Meenakshi’s terror and hysteria when she witnesses a brutal killing and Raja’s gentle, soothing comfort and reassurance are the elements of another memorable sequence in the film. Again, fear and terror bring the two close together, as people, and physically, but emerging from that is an infinitely tender emotion, still not formed, between the two. As the early morning light streams into the room, and Meenakshi rises quietly from the bed, gently moving away from Raja, who is sleeping on the floor, head on the bed, and goes into the bathroom. She looks into the mirror and at the bindi askew on her forehead, and takes it off. Just for a while. So she can see herself, as it were, as herself. As if the bindi symbolized the cloistered, conventional life she has led and from which just for a moment she stands apart. It is a sequence which marks Aparna Sen out as a truly superb film-maker.

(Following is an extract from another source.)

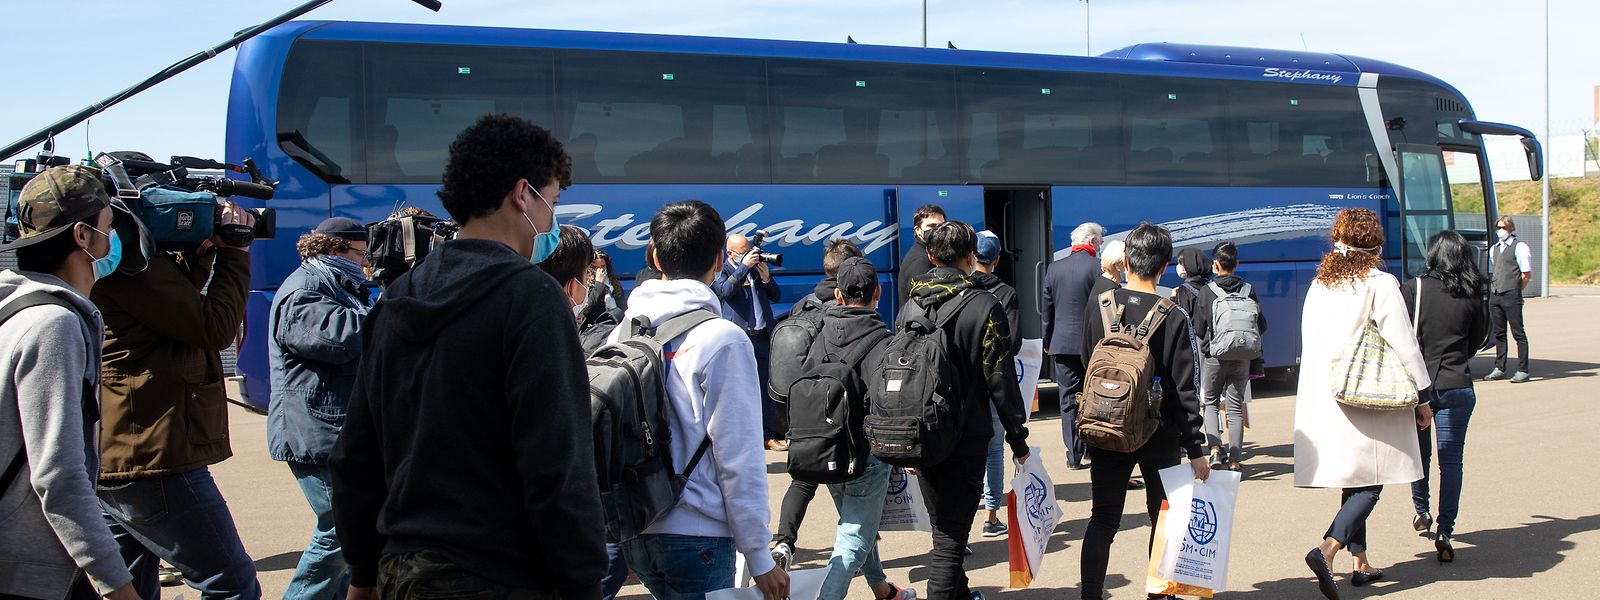 Zwölf minderjährige Flüchtlinge wurden Mitte April von den griechischen Inseln nach Luxemburg ausgeflogen. Nach der Landung am Flughafen Findel ging es per Bus in eine Unterkunft der Caritas in Munshausen.
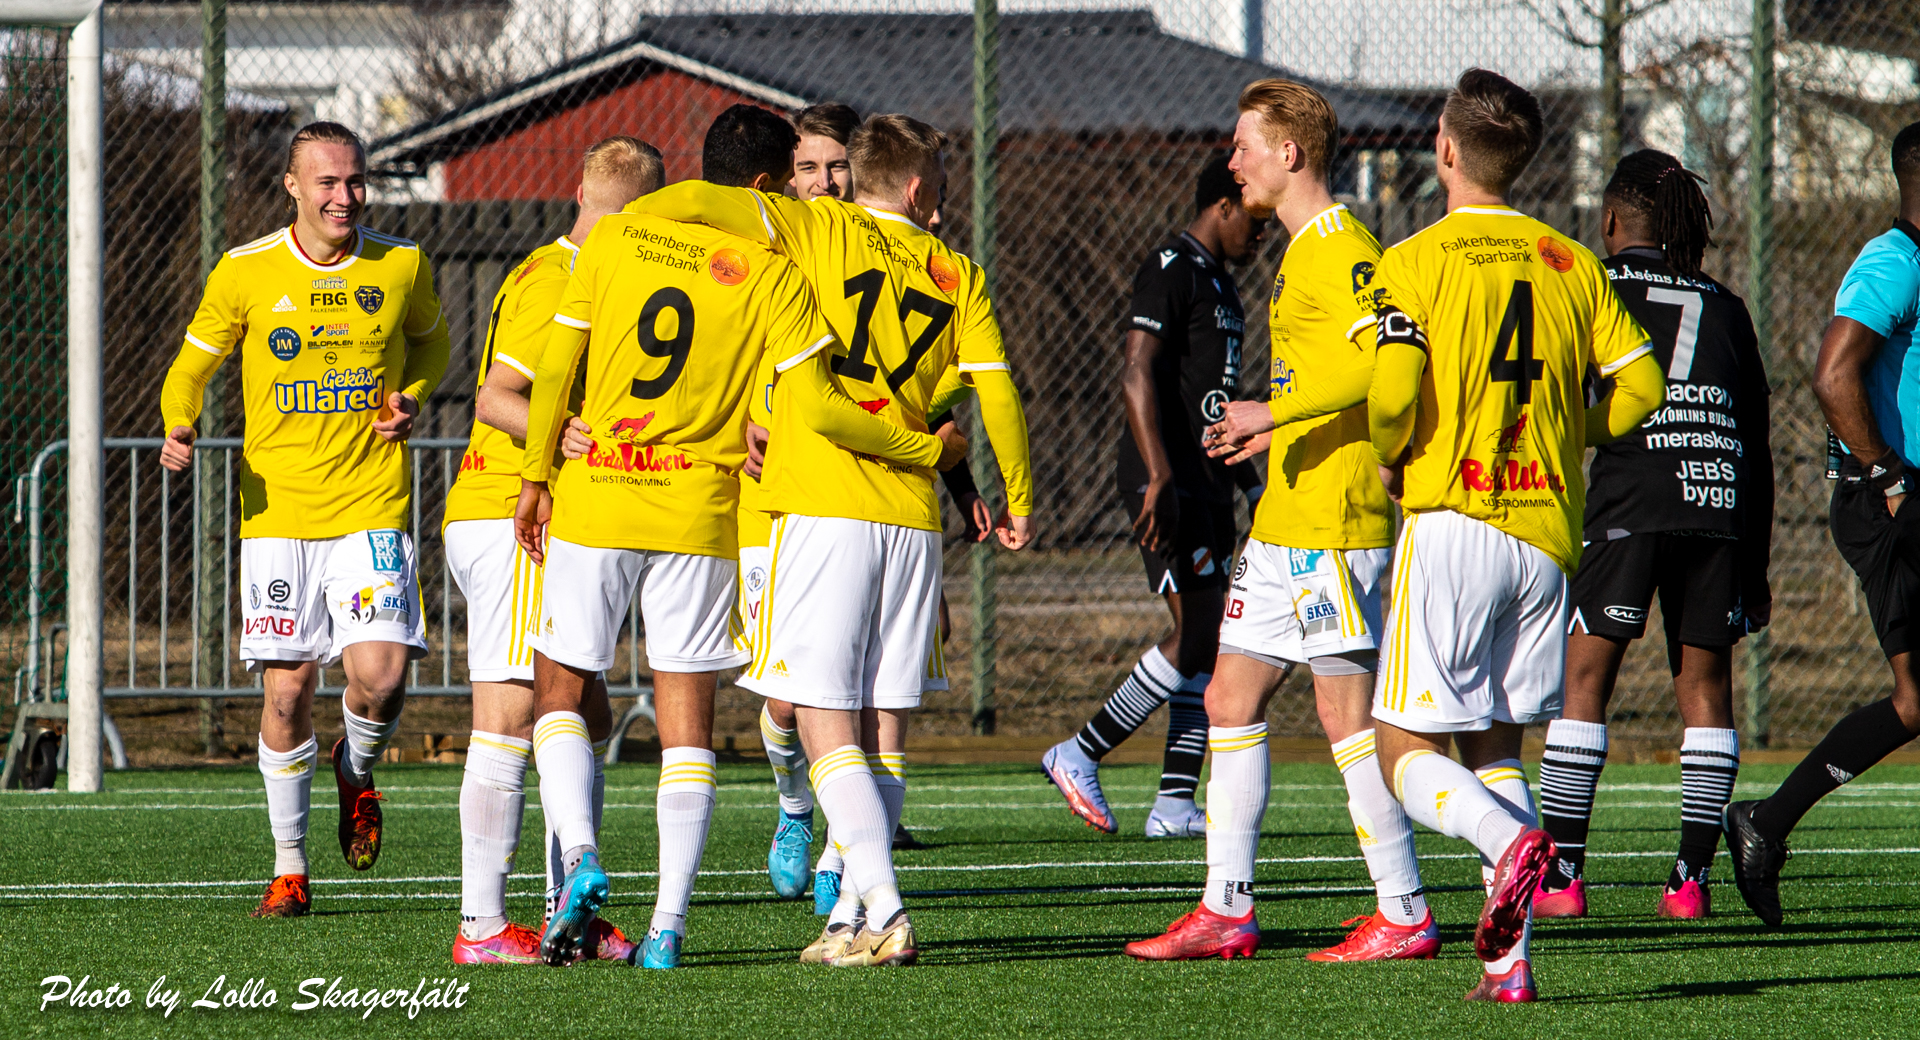 2-0-seger mot Ytterhogdal trots utvisning: ”Glad över att killarna höll moralen uppe”

Finally, they reach Calcutta, where Meenakshi’s husband is waiting. She introduces Raja, but not as Raja, as Jehangir Chowdhury. “He is a Muslim”, she says clearly. No more pretence; that time is over for her. Raja leaves, after a formal farewell, but then turns back and hands Meenakshi the roll of film which has the shots he’s taken of her and the times they’ve been through. “Goodbye, Meenakshi,” he says and she replies, “Goodbye, Mr Iyer”. Precisely. “Mr Iyer” is the metaphor for all that they have shared, it is all the hatred, guilt, cowardice, anger, and unconcerned self-interest that they have seen; it is also what they have discovered for themselves about each other and about themselves. Something that has left them more aware, and something they will obviously treasure. And something that must, inevitably, be forsaken, consigned to the realm of possibilities, as the bands of convention enclose them both again.

In these sad, disturbed times, this is a film that is almost like a re-affirmation of what is precious and enduring in all of us. All this needed to be said. Aparna Sen doesn’t, however, say any of this; her compelling images and eloquent scenes do that for her. Which is what makes this one of the finest, and most important films of our time.